Daniels’s job was to compile poems about the Moon. (Yes, he included a poem of his own—“how could I resist?” he wrote to me.)
I asked Daniels if he considered the project a moonshot to achieve poetic immortality, to ensure the survival of his writing into the far distant future.
He responded that while he was disappointed for who those had invested years of their life into the project, he wasn’t crushed: “I always saw the project as conceptual, so to be honest never really thought about the survival of the poems in the future.”
He was also realistic about MoonArk’s long-term viability. He wrote: “During one of the many meetings of all these incredibly smart, creative people on the team, somebody said that by the time the MoonArk landed on the moon it'd be the technological equivalent of an eight-track player at best.”
These days, my body feels like an eight-track player. Maybe that’s why I was so dispirited by the lunar lander’s Icarian fate.
It doesn’t matter what posthumous plans you make.
It doesn’t matter whether you send your words or body up or down.
The future is coming.
On horseback or rocket boosters, the future is coming, and it doesn’t care who you are or what you have to say.
The future is coming.
So don’t wait until you’re a pile of ash.

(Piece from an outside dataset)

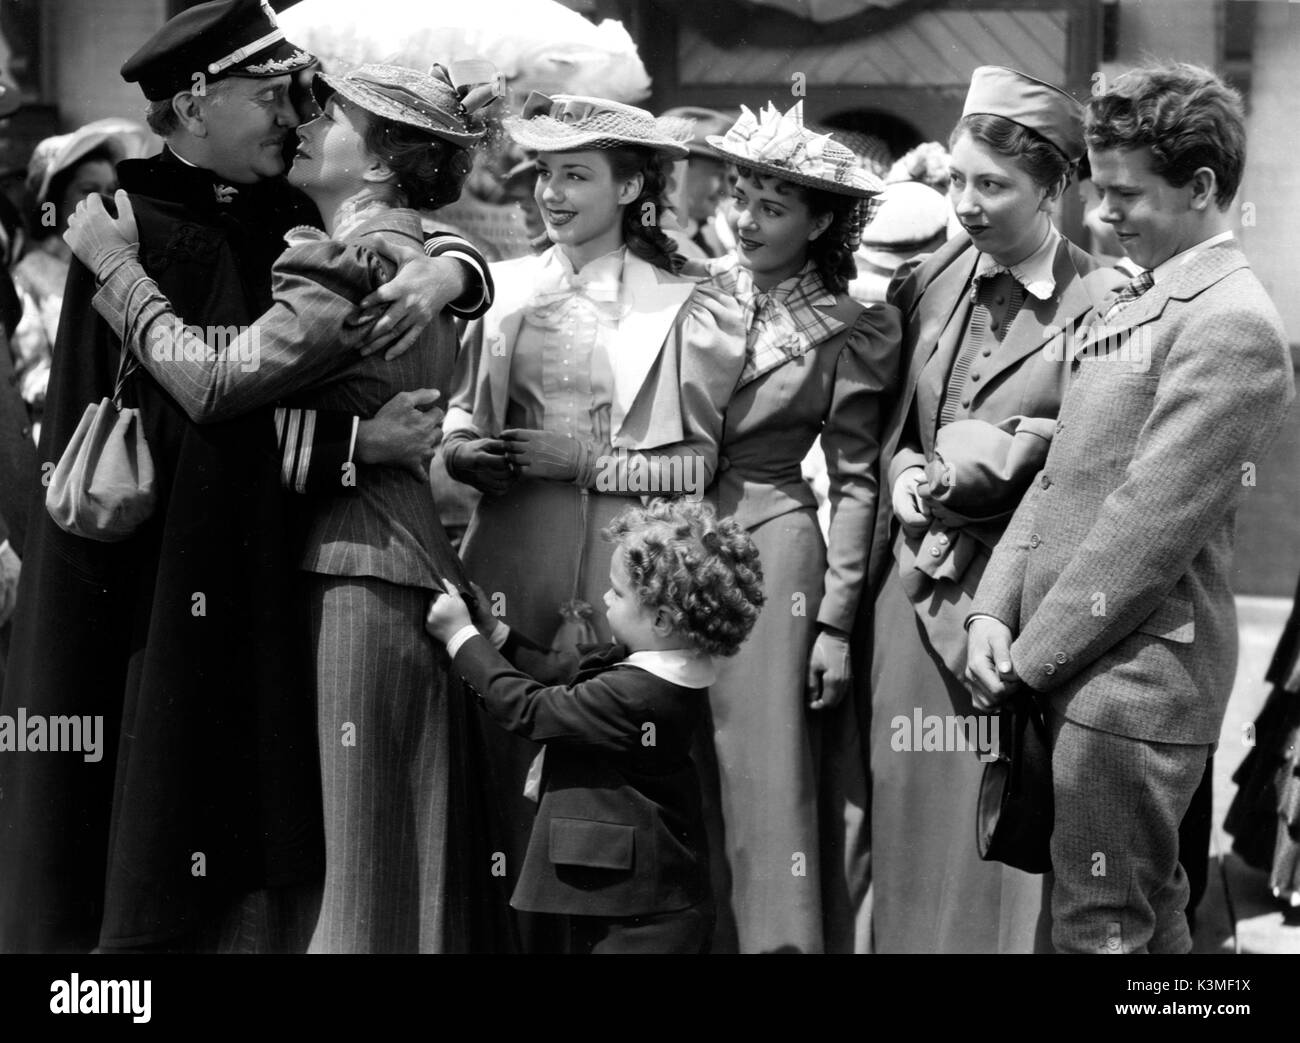 MOTHER CAREY'S CHICKENS [US 1938] [L-R] RALPH MORGAN, FAY BAINTER, ANNE SHIRLEY, RUBY KEELER, JACKIE MORAN, PHYLLIS KENNEDY, DONNIE DUNAGAN [child]     Date: 1938 Stock Photo

Don’t wait to be loaded into a firework and shot into the sky.
You are the firework.
Go off now.
Go off tonight.
…
See you on the Snow Moon!
—WD
All things considered, this is a very good line: “If people cry at my funeral, I don’t want it to be because flaming remnants of my body have landed in their eyes.”
Lots to think about here; thank you. Challenging to wake and engage with each new day as if it was July 4th when so many of them feel like July 5th. Still, though, the possibility offers hope.
This all means you need to hang around long enough for the technology to improve, and maybe the price to come down. Please.